The best WRC drivers of 2016

Sebastien Ogier made it four titles from four as Volkswagen bowed out of the World Rally Championship. But there were plenty of other star performers along the way

For the first time in well over a decade, six drivers won a World Rally Championship round. So the 2016 WRC season shared the spotlight a bit more than it has done in recent years.

There were starring cameos, comebacks from drivers who had been written off, and all-action class heroes and battling underdogs as well.

Here are our man DAVID EVANS' top performers.

10. ELFYN EVANS
Team: M-Sport (WRC2)
Starts: 7
Wins: 3 (in class)
WRC2 position: 3rd

Had it not been for a wonky fuel pressure sensor in South America, Elfyn Evans would have enjoyed the perfect season, celebrating two major titles with WRC2 and the British Rally Championship. He was miles ahead of the rest at home in Britain, but just missed the opportunity to celebrate at the FIA's Gala in Vienna.

What Evans really demonstrated this season was the sort of fighting spirit and tenacity of character that folk had been desperate to see during his two years in M-Sport's frontline team. In short, Evans stood up this year, backed himself, defended himself and demonstrated just what he's capable of. He enjoyed an exceptional start to the season, winning WRC2 in Monte Carlo and Sweden, but it was his Corsican victory that really impressed.

Undoubtedly, Evans won't agree, but there's a very strong argument for saying Malcolm Wilson called this one right: benching the Welshman for a year put him out of his comfort zone and found him a voice that we'd all been waiting to hear. He comes out of 2016 a stronger, faster and more rounded driver than he went into it.

9. JARI-MATTI LATVALA
Team: Volkswagen
Starts: 13
Wins: 1
Championship position: 6th

For a month or so, Jari-Matti Latvala's dream was over. Volkswagen had cut and run, leaving him high, dry and without a drive. Nightmare.

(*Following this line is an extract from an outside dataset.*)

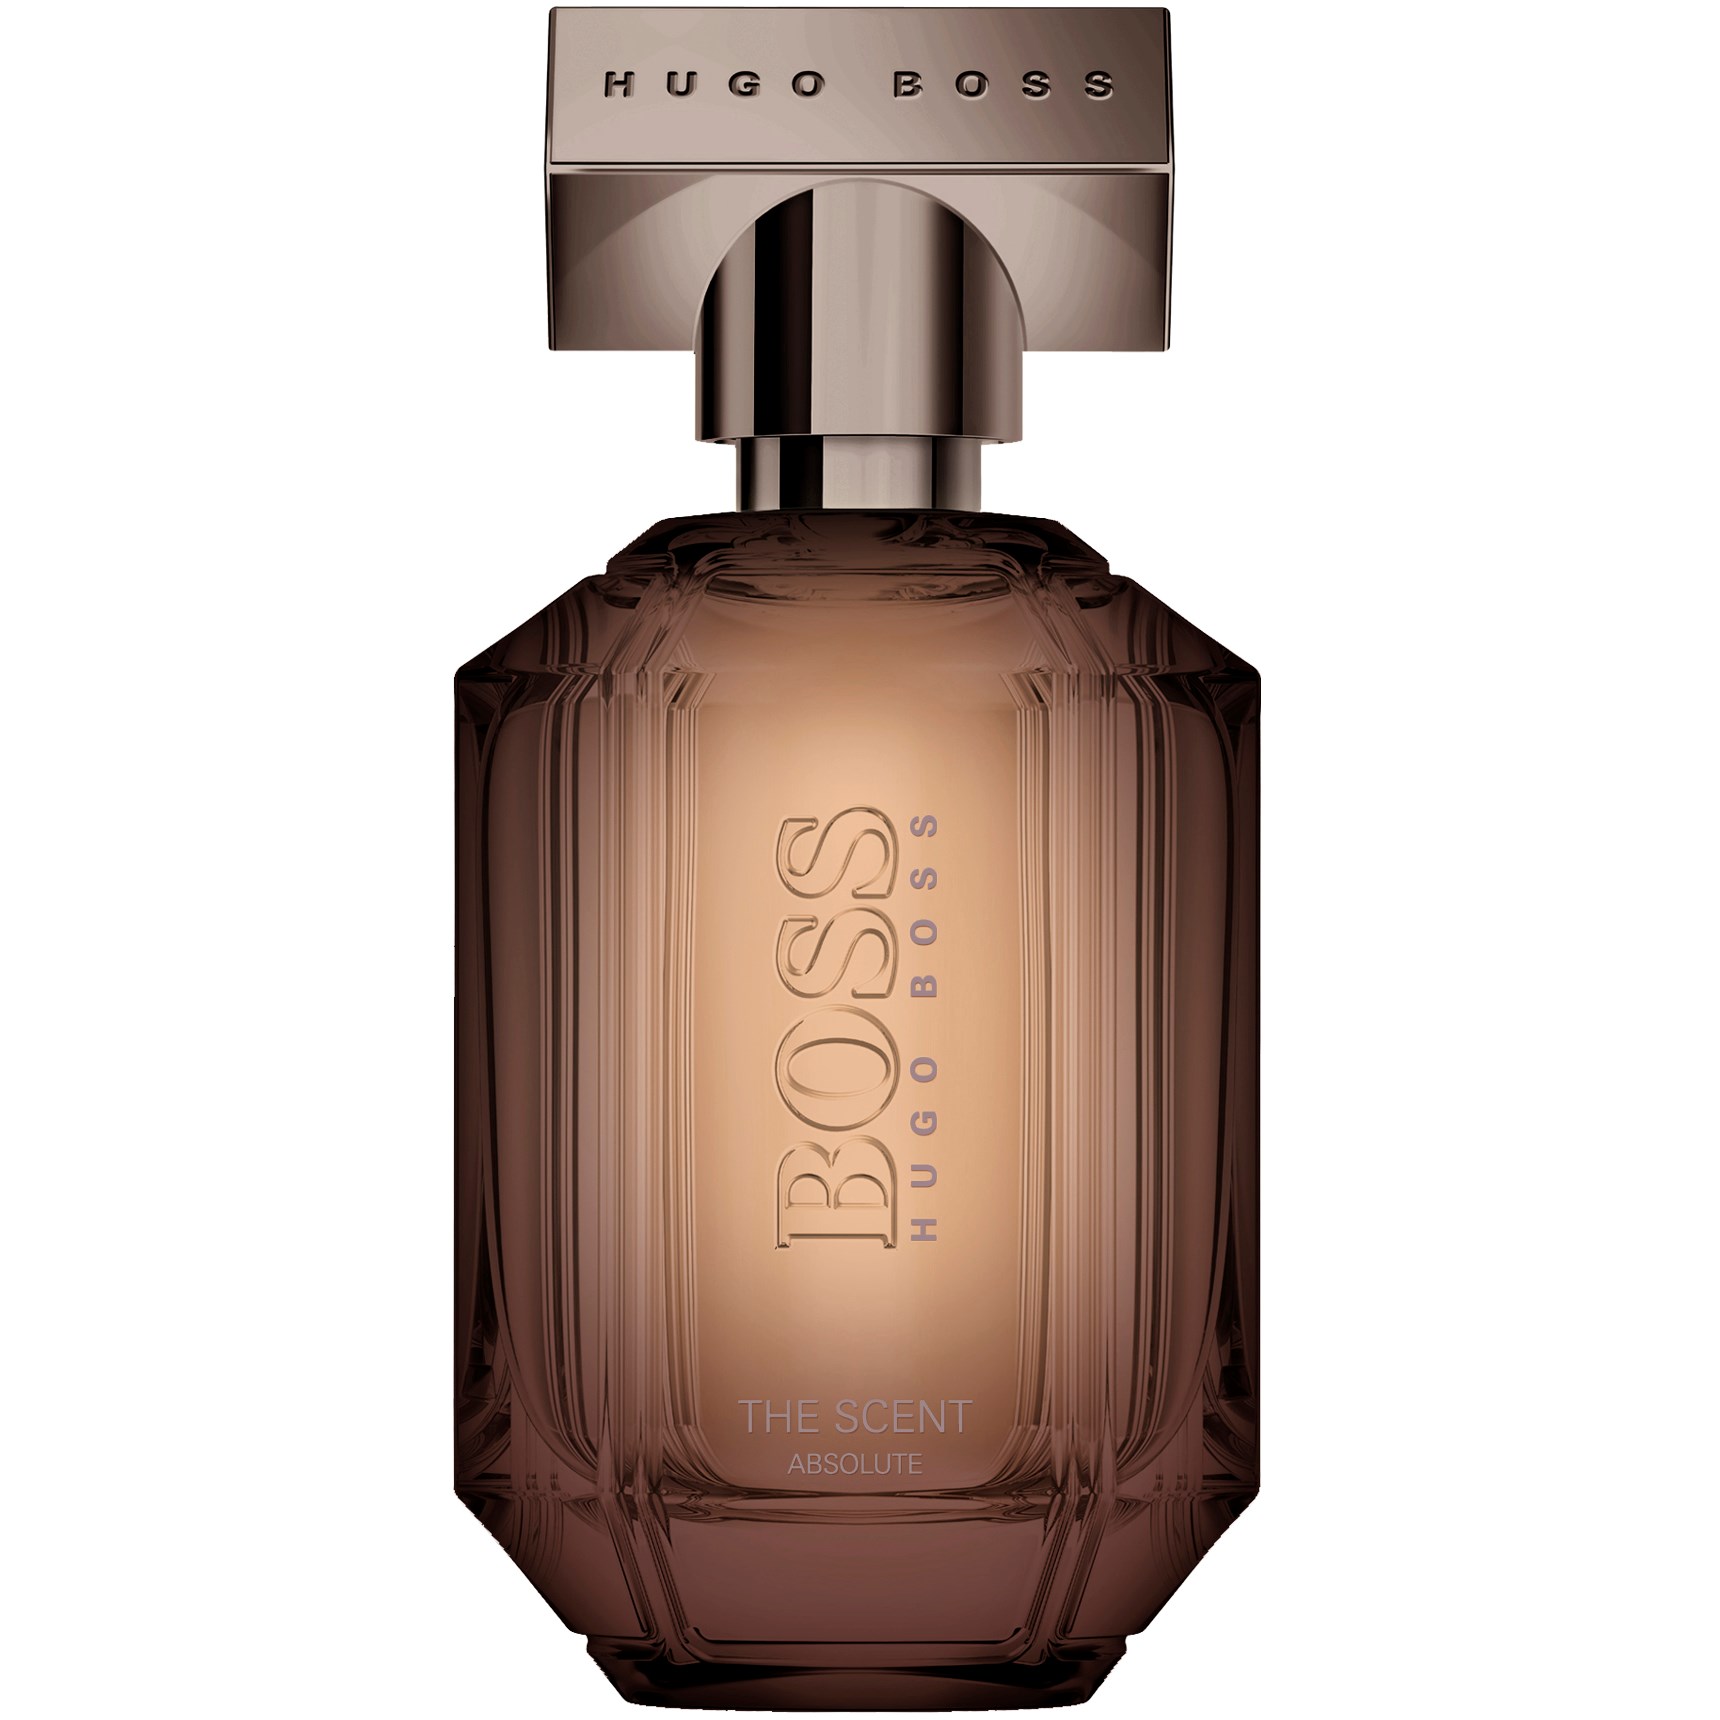 Bouwen op Opnieuw schieten Associëren De 10 beste Hugo Boss parfums voor dames

Even if Volkswagen had stayed, you could have been forgiven for questioning the Finn's place in the team. The 2016 season was comfortably his worst since the really tough days at the start of his professional career. On paper, J-ML was awful this year.

Dig a little deeper, look behind the results, and you'll see Latvala bore the brunt of Hannover's mechanical frailties this time around. There was the driveshaft in Sweden (and Wales), the powersteering in Portugal, the gearbox in Germany and suspension in Argentina (though that's the one that retains the question of 'did it break, or did he break it?').

But he did fail to capitalise on the opportunities when he was in a diamond position on the road with the world's finest rally car beneath him. His lack of fight in places such as Sardinia, and in particular at home in Finland, showed a driver still lacking in self-belief and ruthlessness. Since he's 169 rounds into his world championship career, that's what concerns me the most.

8. ESAPEKKA LAPPI
Team: Skoda (WRC2)
Starts: 7
Wins: 4
WRC2 position: 1st

Nobody really gave Esapekka Lappi a hope in this year's WRC2 series - largely because the Finn was nowhere to be seen. He was second to Elfyn Evans in Sweden and then crashed in Sardinia. Earlier in the season he'd become a father for the first time and had put his title tilt on hold while he took paternity leave.

When he came back, he was firmly at the back of the leading pack and any hope of a title challenge would live or die on middle-season scores: third in Poland didn't look too promising, wins in Finland and Germany better. But still he would need to come to Wales for the first time and win and then do the same again in Australia if he was to deny his countryman Teemu Suninen a title some felt the private Fabia driver would have been more deserving of.

In the second half of the year, Lappi really turned on the class and showed pace, consistency and bags of self-confidence - some of which helped him recover from backing his Skoda into a tree on the first stage of Rally GB.

7. CRAIG BREEN
Team: PH Sport (Citroen)
Starts: 6
Best result: 3rd
Championship position: 10th

Two years ago, Craig Breen's career as a professional rally driver was in serious doubt. He was in Wales for Rally GB, but he was holding a microphone rather than a steering wheel and he was talking rather than listening to pacenotes. A good few folk couldn't really see a way forward to the world stage from what had been a tough European Rally Championship in a pretty shoddy Peugeot 208 T16.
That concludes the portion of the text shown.